FlashInfer as Alternative Backend
FlashInfer is an alternative attention backend that vLLM can use. Key differences:
vLLM Native vs FlashInfer
| Feature | vLLM Native PagedAttention | FlashInfer |
|---|---|---|
| Language | Custom CUDA (csrc/) | CUDA + Triton hybrid |
| Decode kernel | v1/v2 paged attention | BatchDecodeWithPagedKVCache |
| Prefill kernel | Delegates to FlashAttention | Own prefill implementation |
| FP8 KV cache | Supported | Supported with different quantization |
| Best for | General deployments | When FlashInfer's kernel tuning is better for your GPU |
FlashInfer can be faster on specific GPU architectures because it uses different tiling strategies and thread mappings. vLLM allows switching backends via configuration.
Performance Profile
Where does time go in the attention step during decode?
Decode Attention Time Breakdown (Llama 70B, B=32, S=2048, A100)
(% of attention time)KV cache reads dominate at 65% — this is the fundamental memory-bandwidth bottleneck of decode. The block table indirection adds only 5% overhead. The kernel’s performance is determined almost entirely by HBM bandwidth, which is why higher-bandwidth GPUs (H100 vs A100) directly translate to faster decode.
To make PagedAttention faster: (1) More HBM bandwidth (hardware upgrade — biggest impact). (2) KV cache quantization to INT8/FP8 (2x less data to read — covered in Inference Timeline Part 2). (3) Fewer KV heads via GQA/MLA (less data per token — covered in Transformer Anatomy Part 6). (4) Kernel tuning (tile sizes, thread mapping — marginal). The kernel itself is already well-optimized; the bottleneck is fundamental physics.
Conclusion
The PagedAttention kernel is a masterclass in trading a small amount of compute overhead (block table indirection) for a massive system-level benefit (zero-fragmentation KV cache memory). The 12-18% attention overhead enables 2-4x more concurrent requests through better memory utilization — a clear win.

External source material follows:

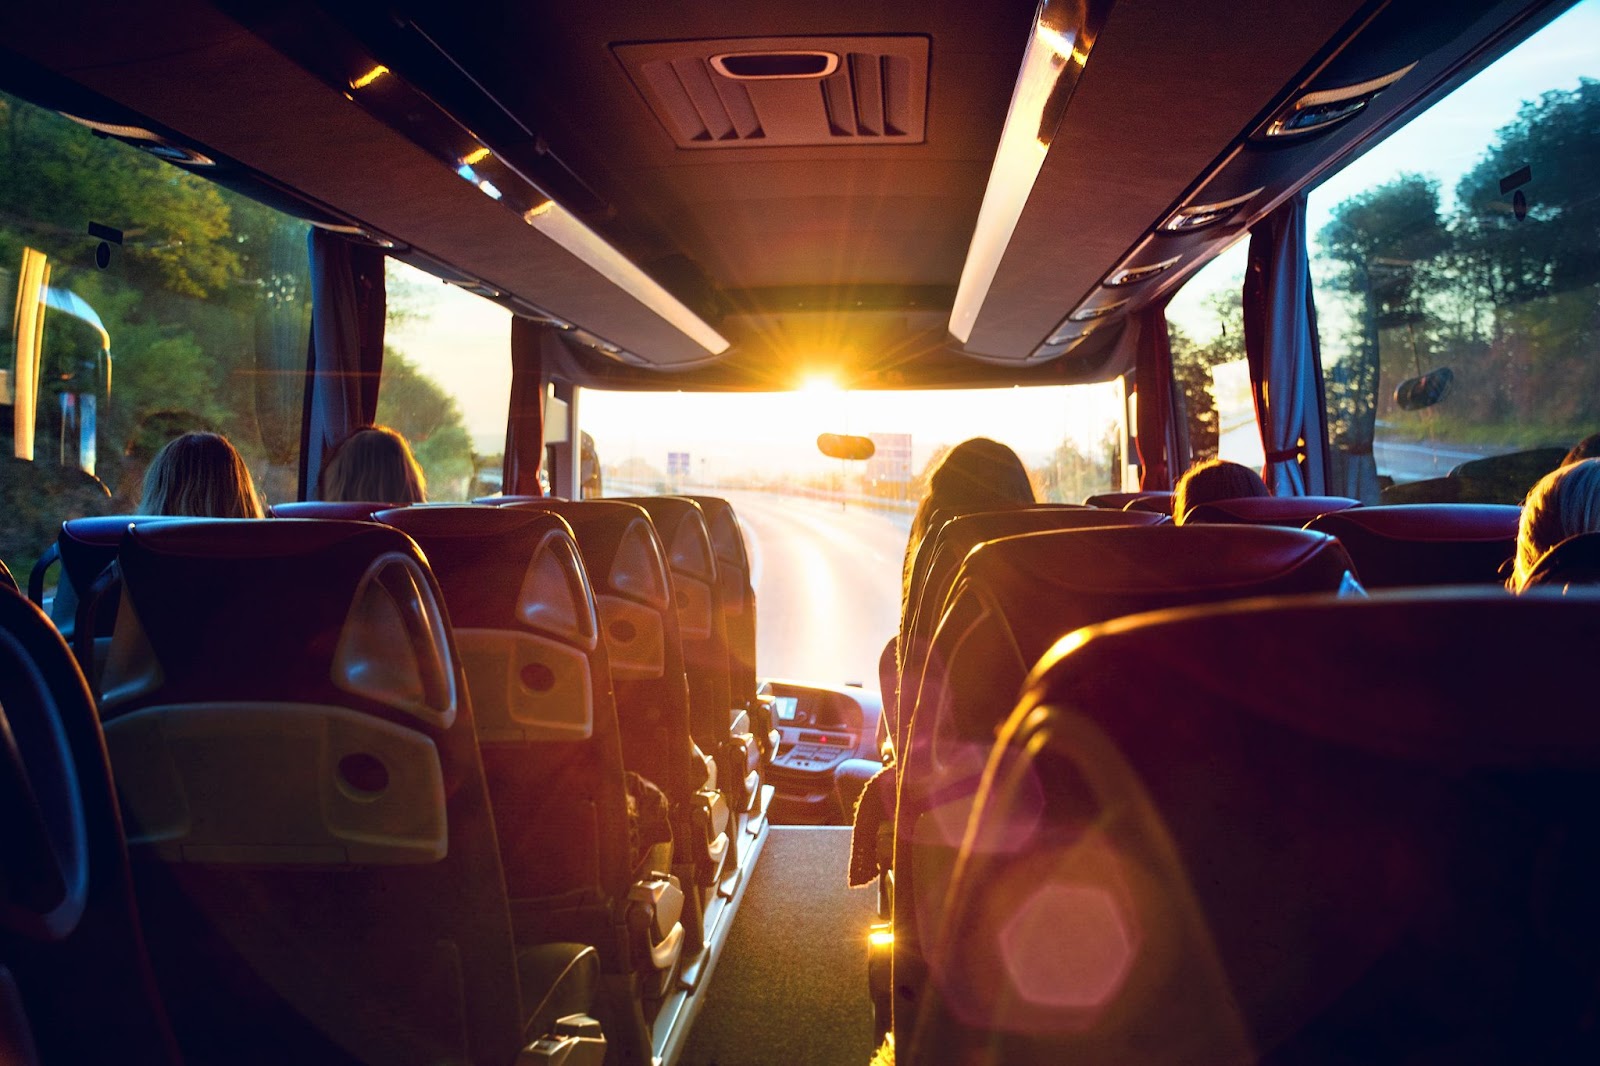 Foto tirada de dentro de um ônibus de viagem, com a luz do sol à frente da estrada.

Understanding this kernel explains why vLLM makes certain architectural choices: why prefill and decode use different attention paths, why block size is 16 tokens (balancing indirection overhead vs fragmentation), and why KV cache quantization has outsized impact (reducing the dominant memory-bandwidth cost).
The three posts in this series give you a complete picture of vLLM’s internals: the architecture (Part 1), the scheduling brain (Part 2), and the attention muscle (this post). With this understanding, you can tune, debug, and extend vLLM with confidence.